=== Stored data ===
╭──

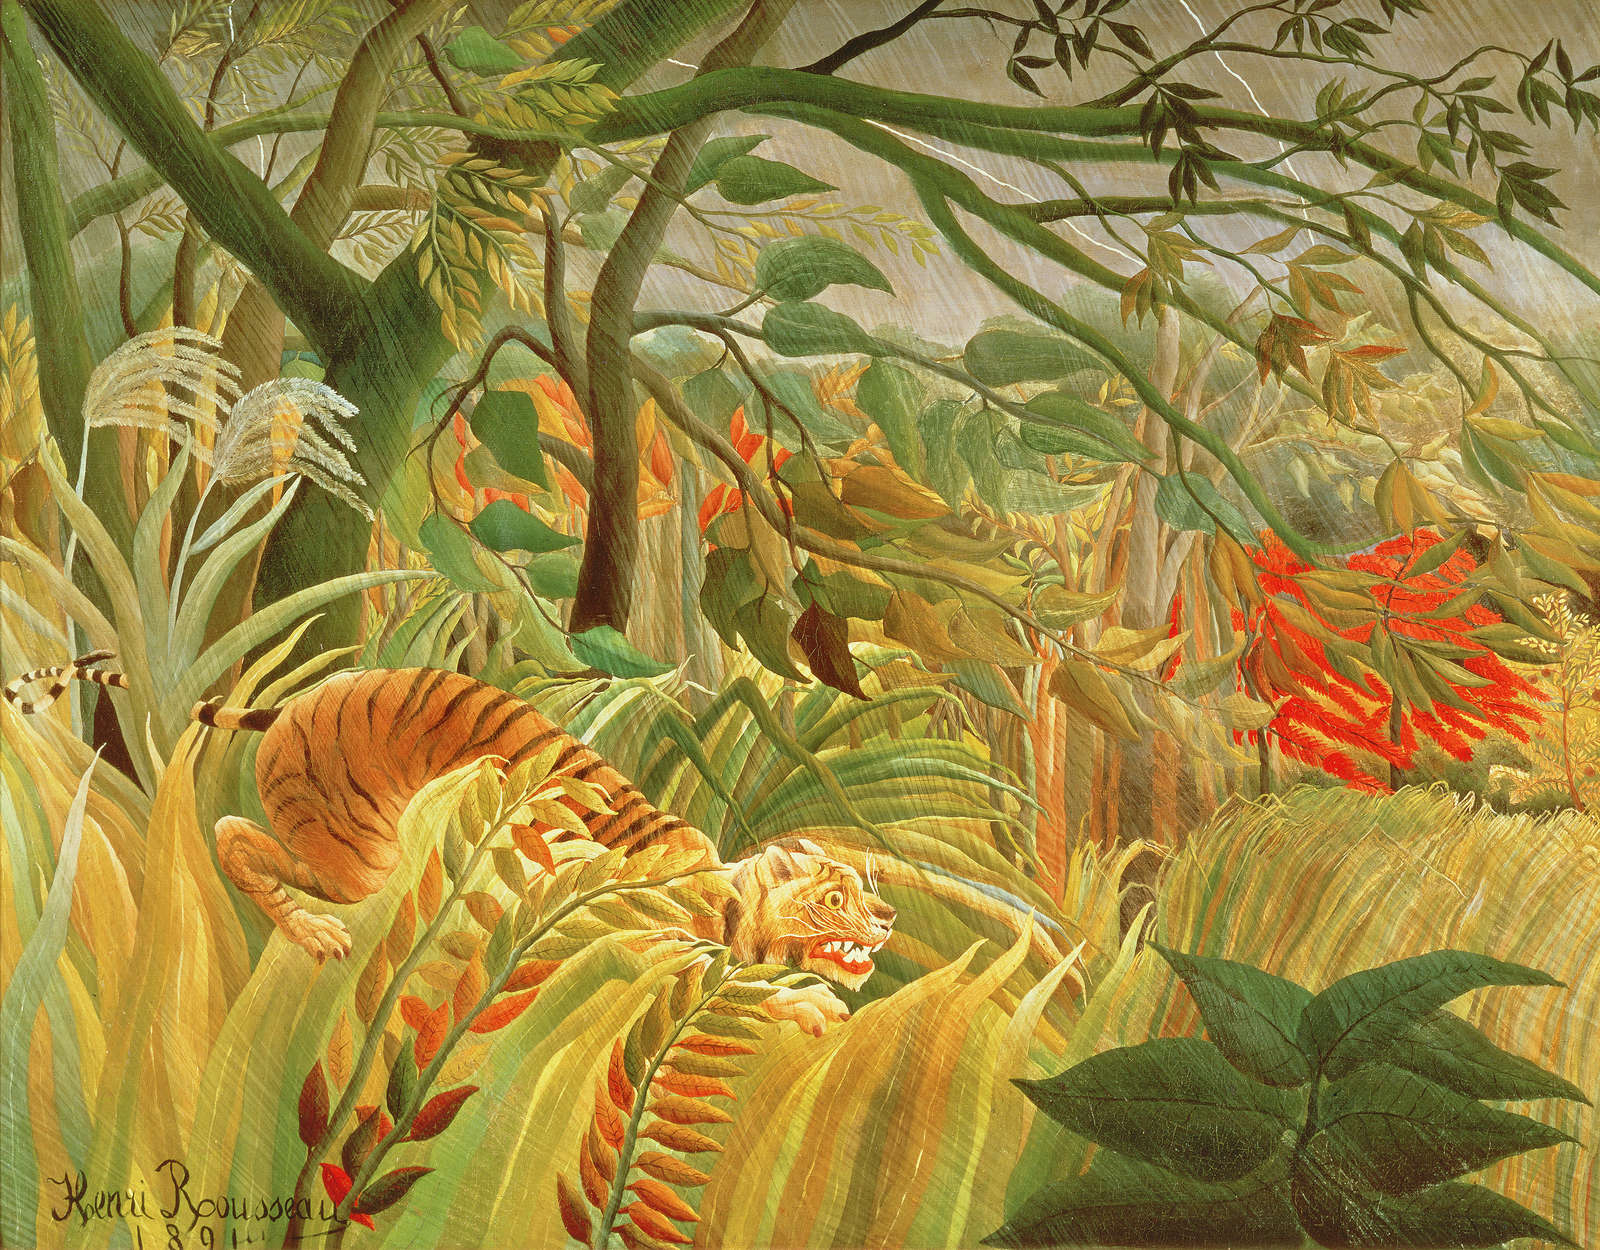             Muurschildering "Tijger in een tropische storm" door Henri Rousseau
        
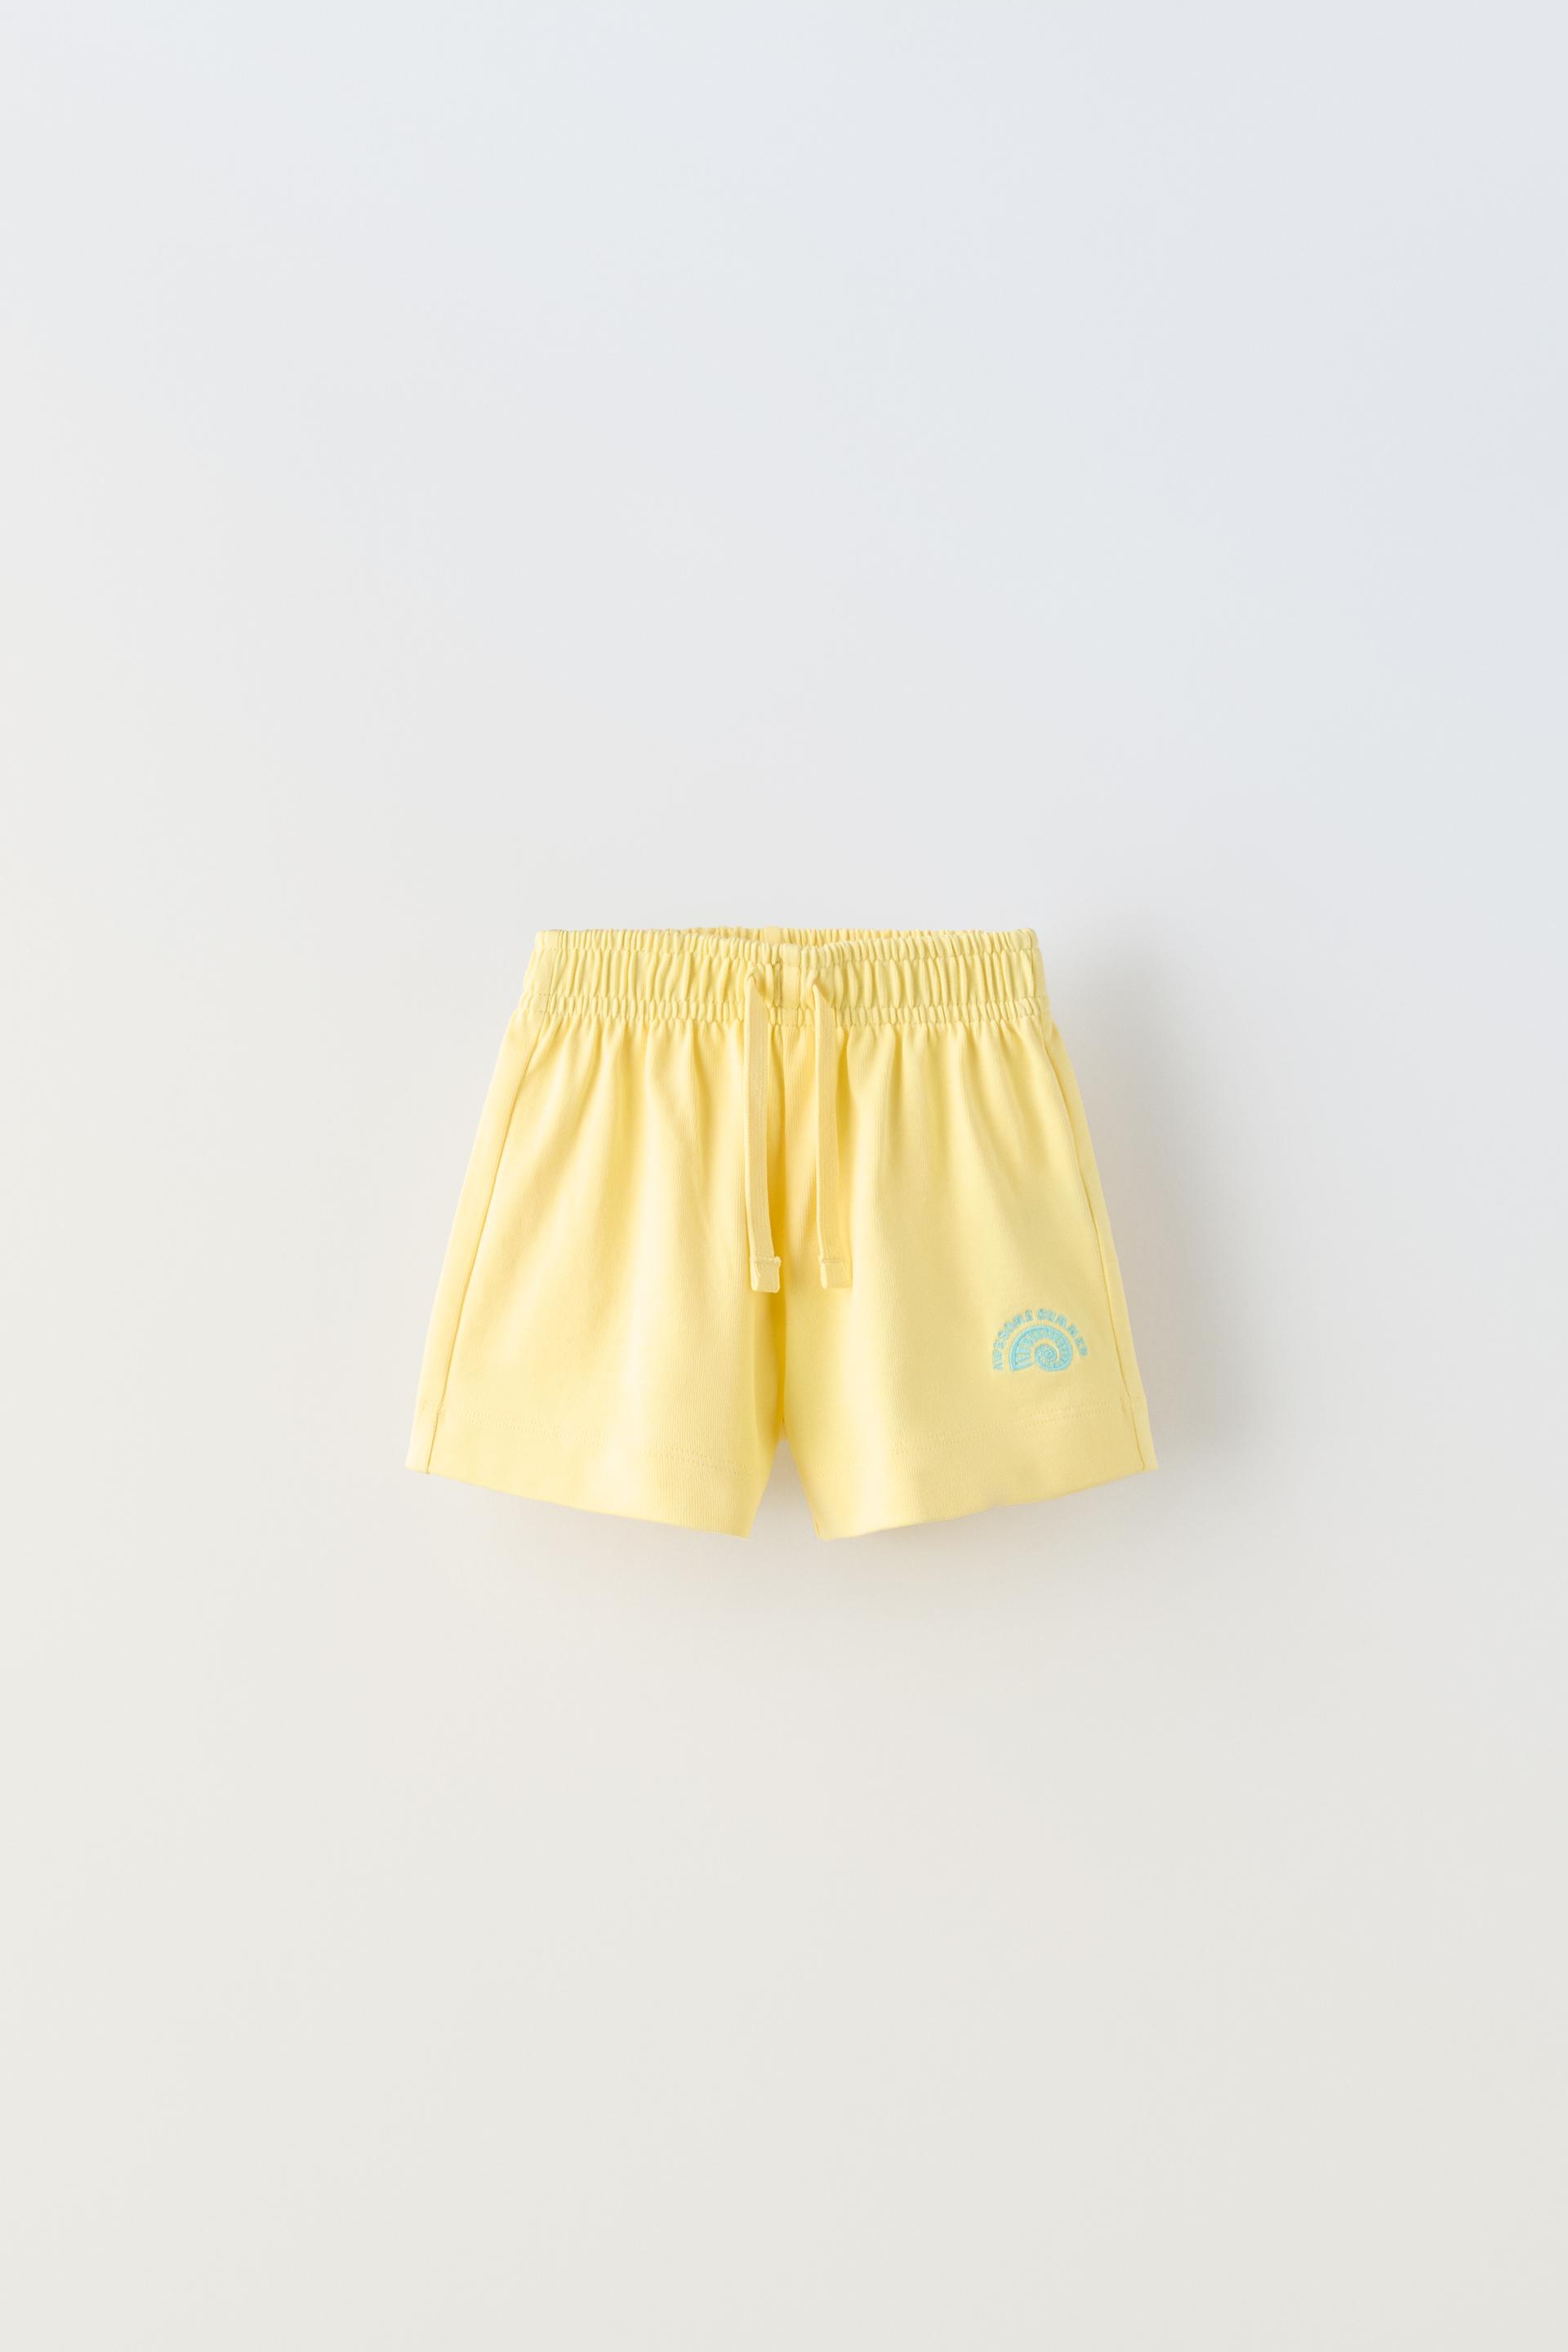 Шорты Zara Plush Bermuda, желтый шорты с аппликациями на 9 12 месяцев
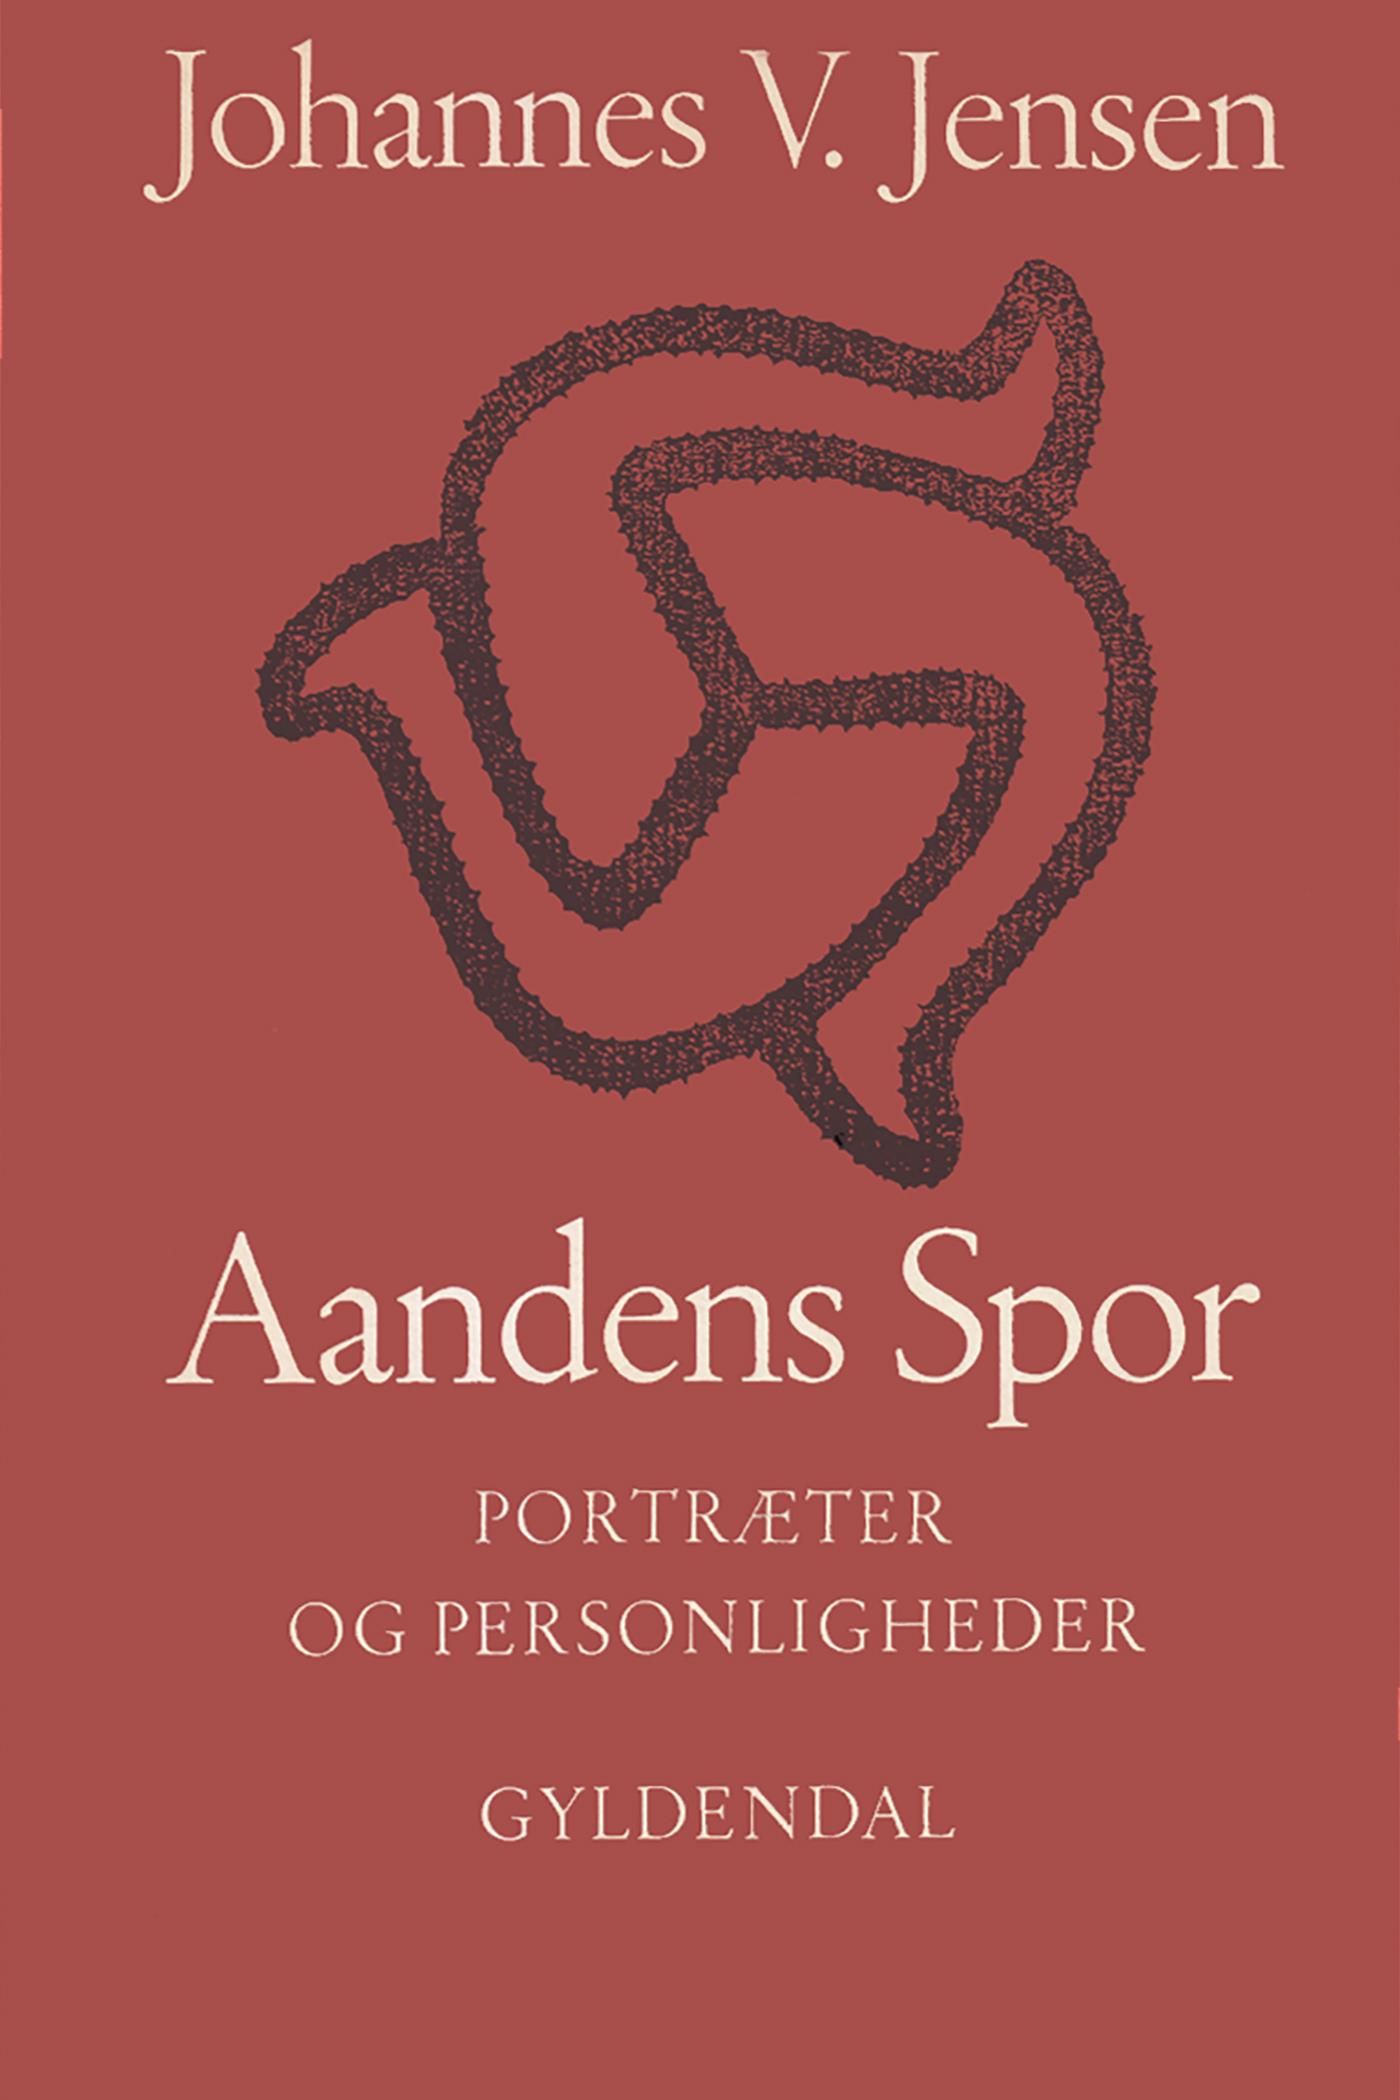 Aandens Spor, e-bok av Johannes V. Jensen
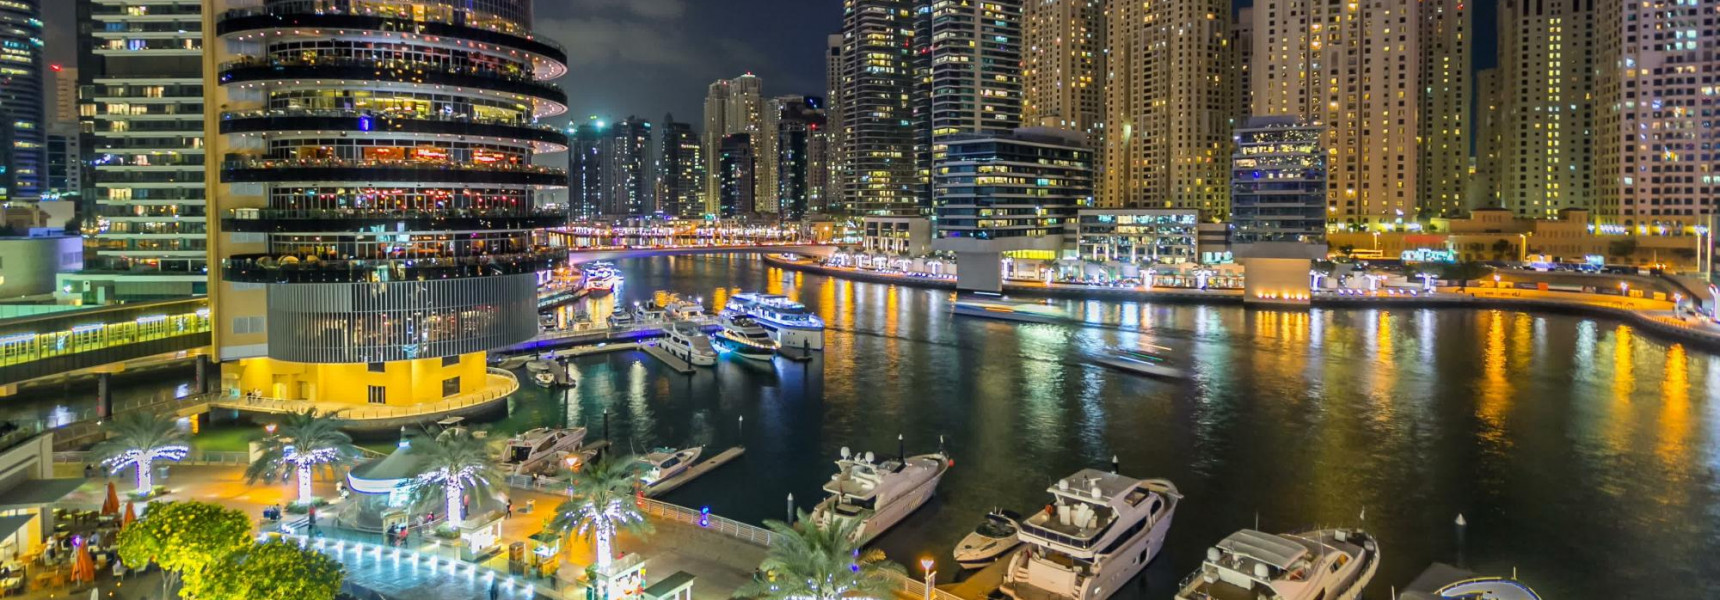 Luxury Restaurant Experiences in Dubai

╰──

=== Description of the task ===
Omit the pictures and write out the lines above from the one with "Aandens Spor, e-bok av Johannes V. Jensen" through the last, unchanged.

=== Completed task ===
 Aandens Spor, e-bok av Johannes V. Jensen
 Luxury Restaurant Experiences in Dubai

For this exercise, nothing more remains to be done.